**Exercise description:**
In the records below, repeat word for word only the lines starting at the one that contains "Sean messes about" and ending at the one that contains "timeless travel trailers", pictures excluded.

**Information supplied:**
----

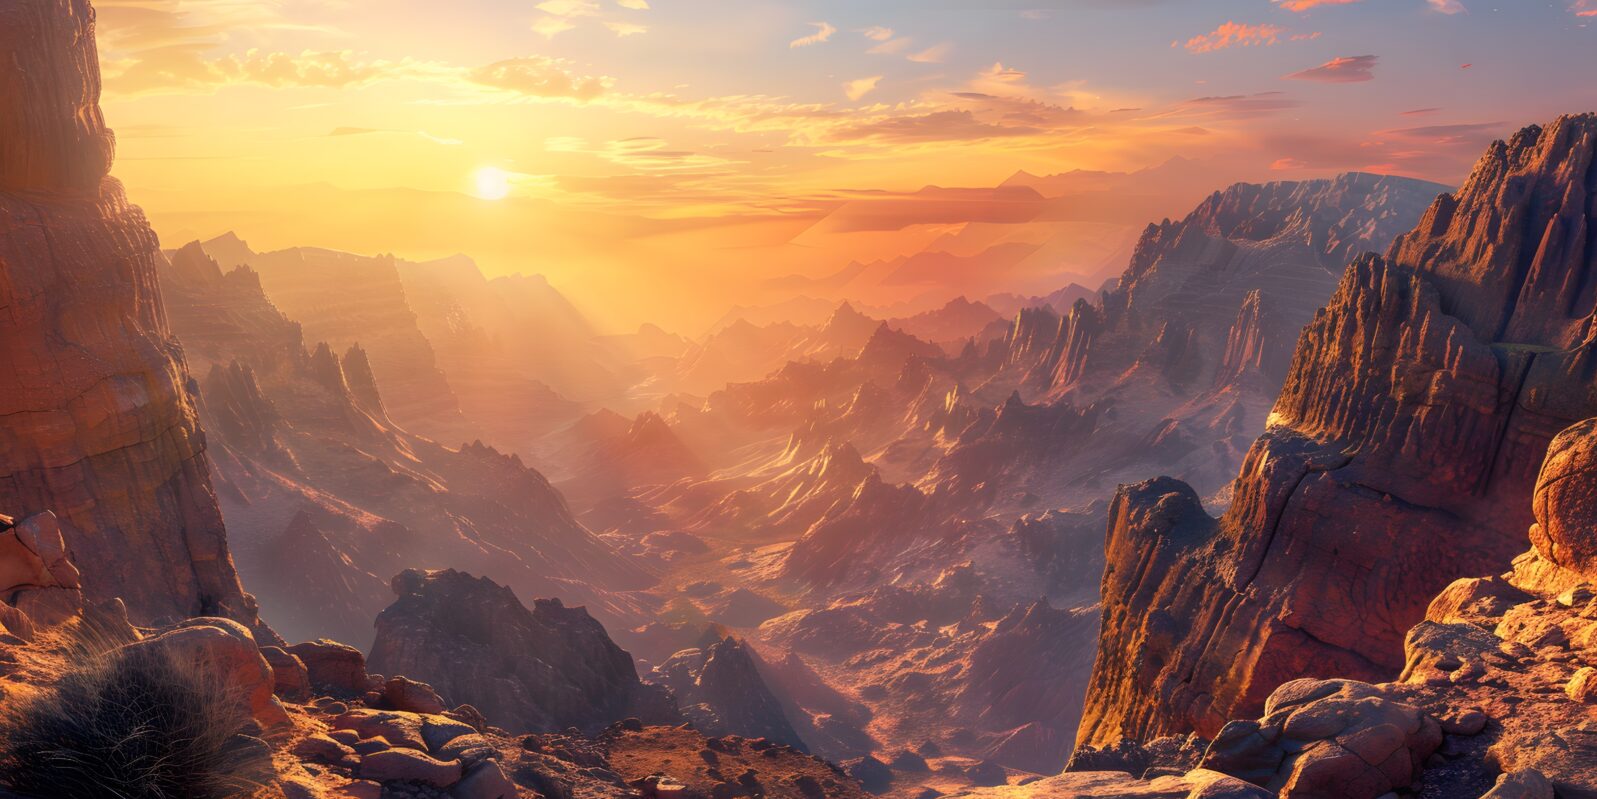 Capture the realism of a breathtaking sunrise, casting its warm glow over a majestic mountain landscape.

----

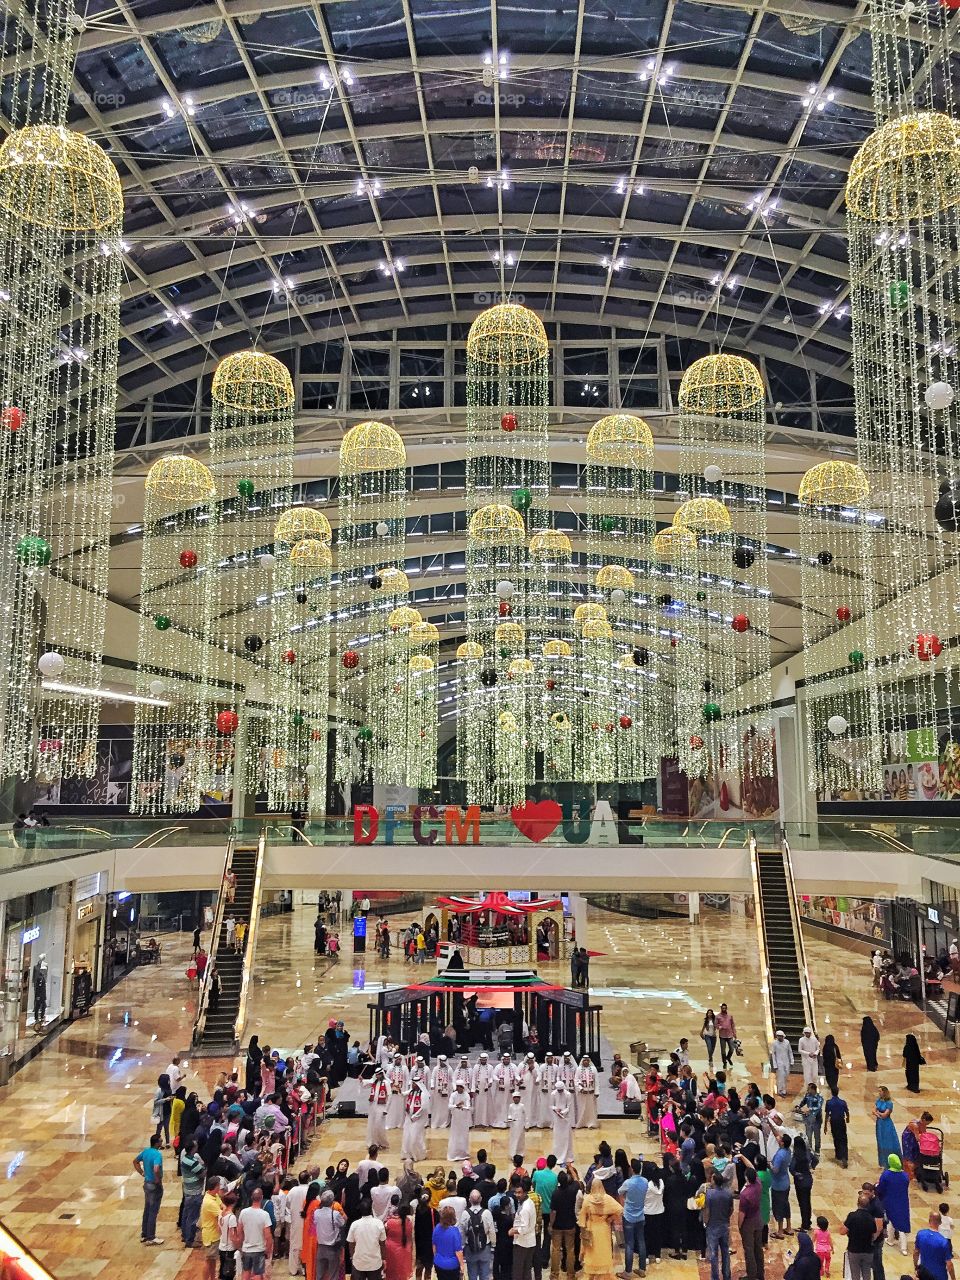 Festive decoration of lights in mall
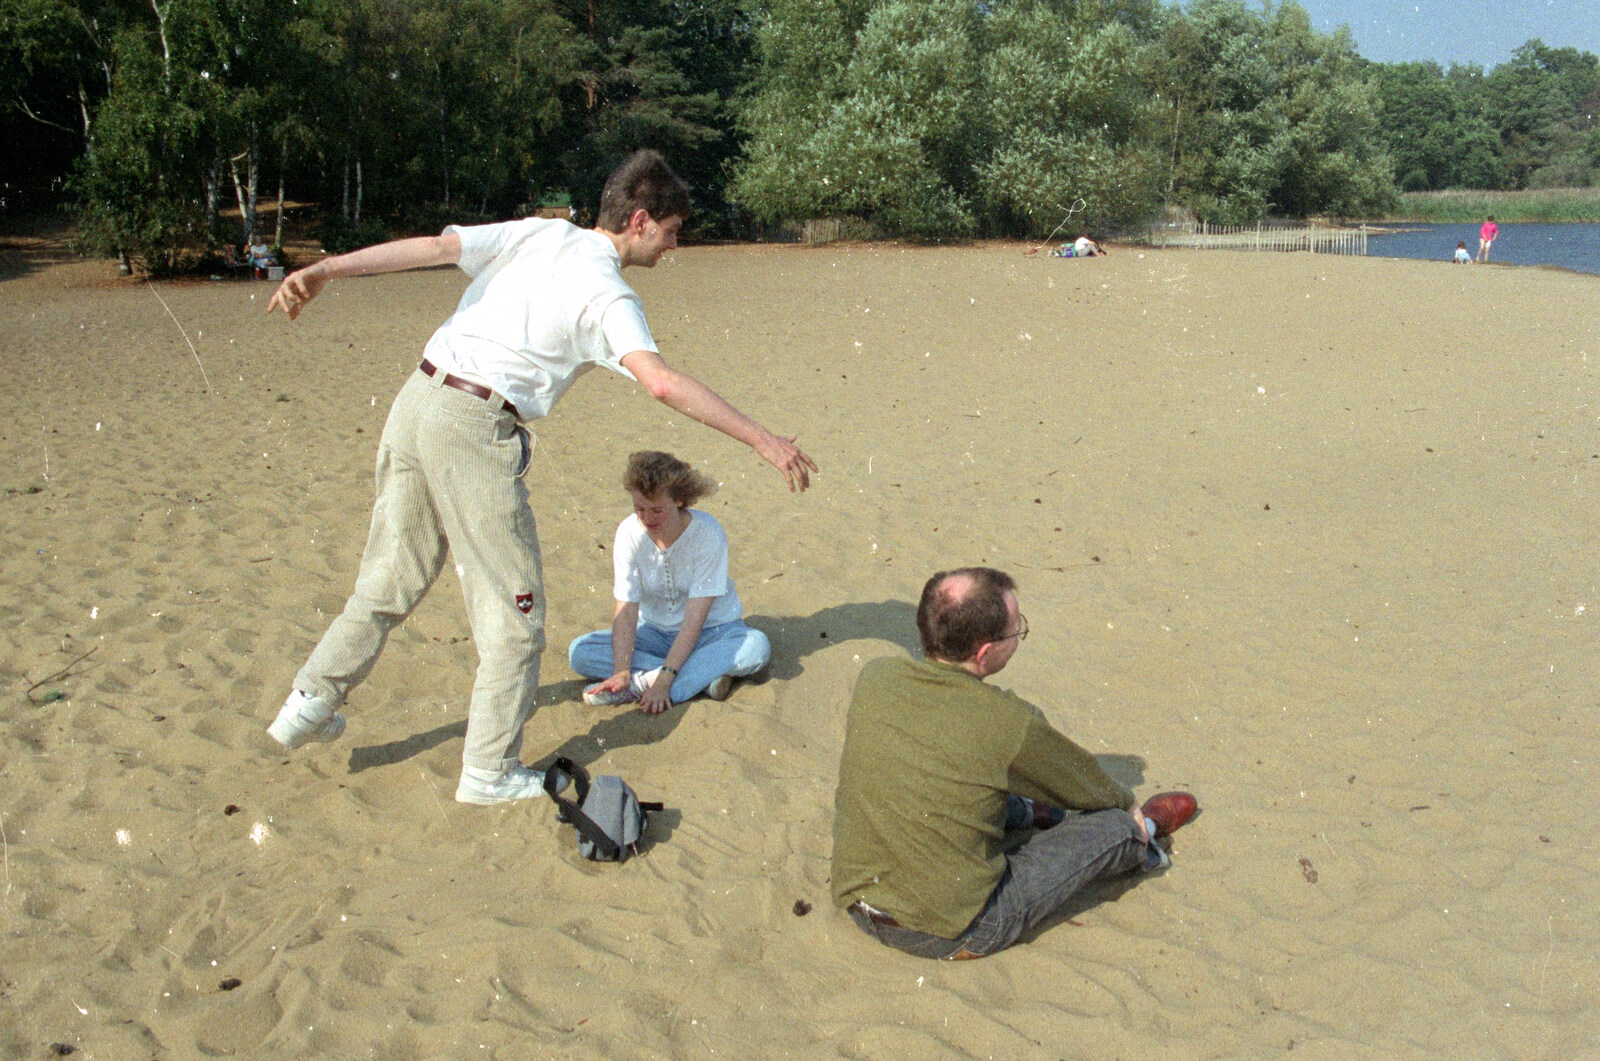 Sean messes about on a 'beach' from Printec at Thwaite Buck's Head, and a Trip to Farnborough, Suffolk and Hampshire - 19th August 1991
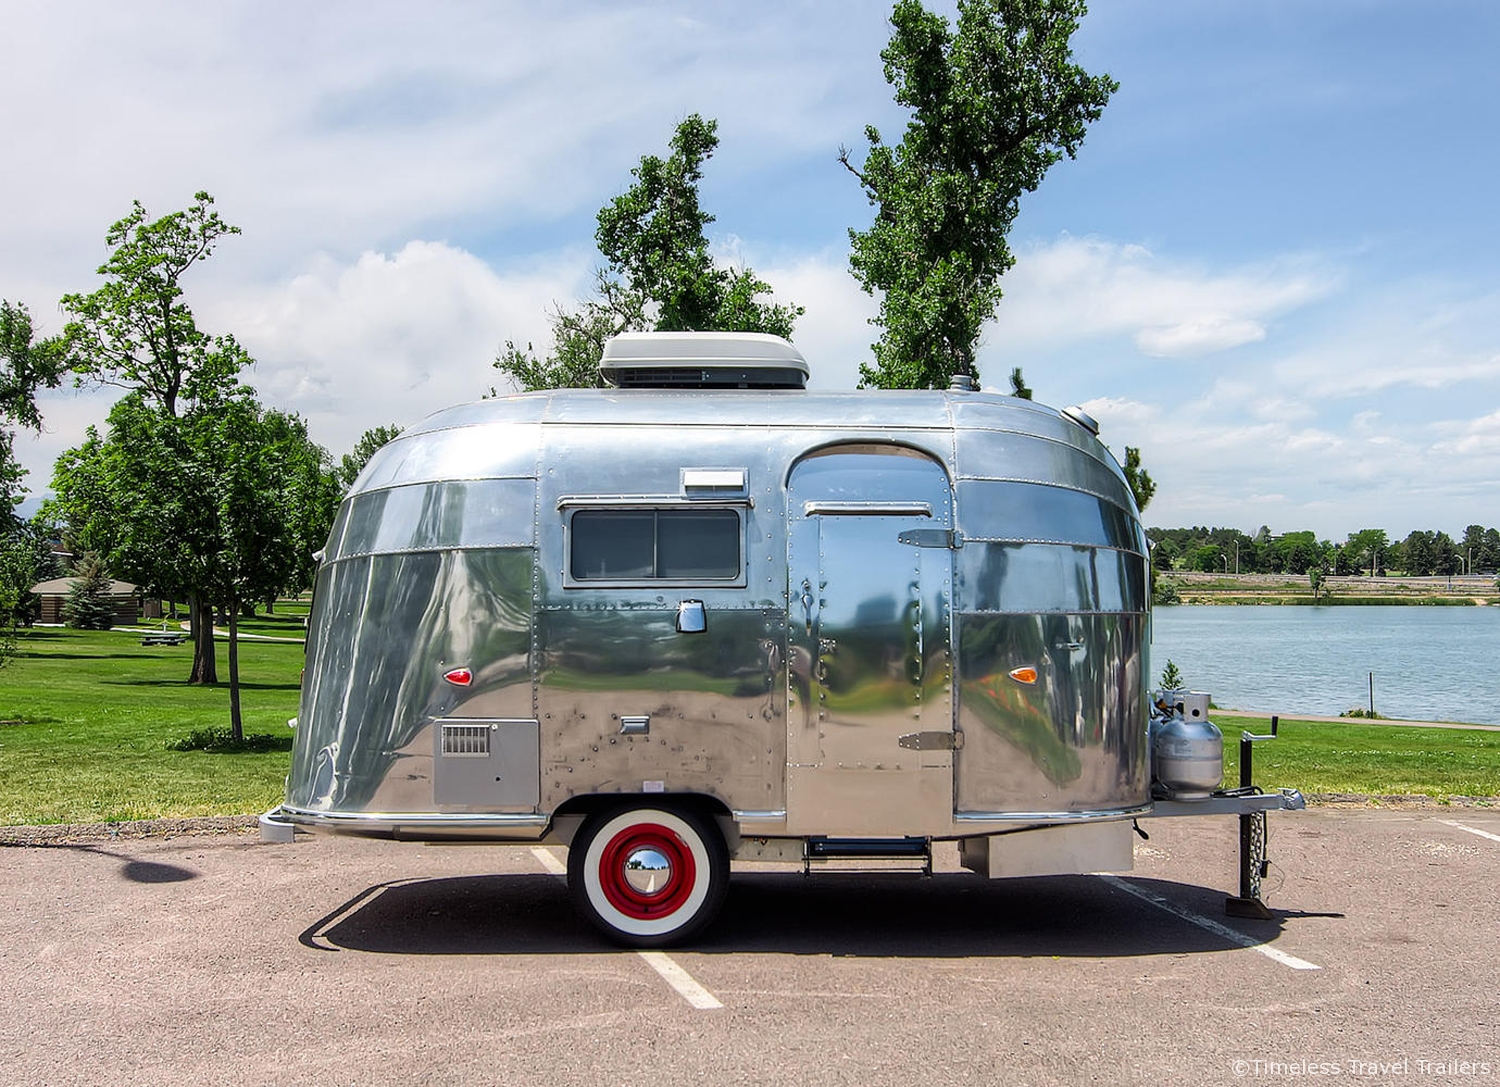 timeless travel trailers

----

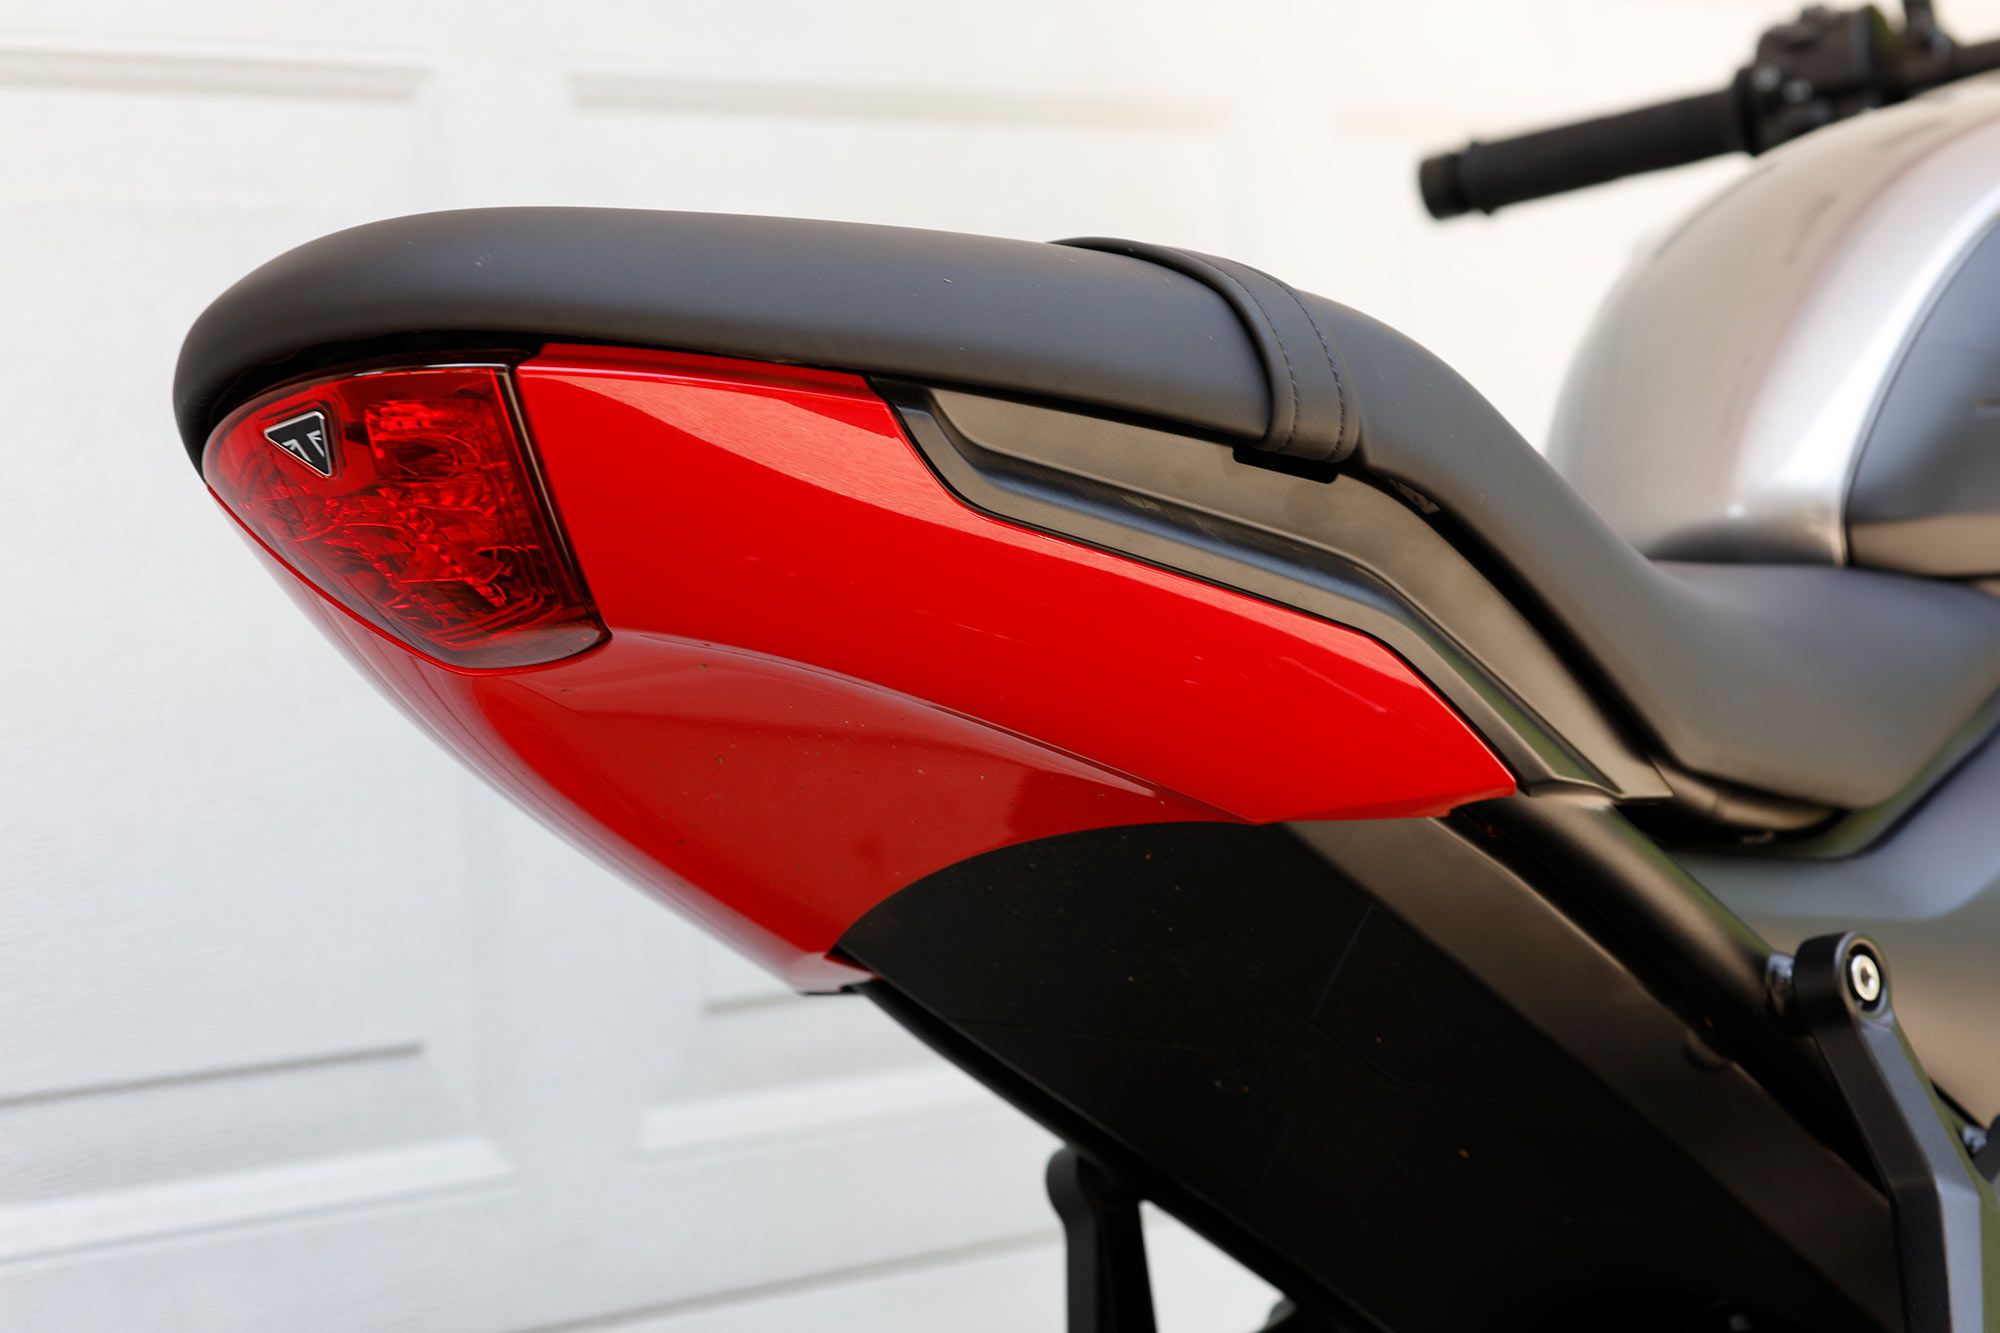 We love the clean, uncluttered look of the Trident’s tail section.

----

**Answer to this problem:**
 Sean messes about on a 'beach' from Printec at Thwaite Buck's Head, and a Trip to Farnborough, Suffolk and Hampshire - 19th August 1991
 timeless travel trailers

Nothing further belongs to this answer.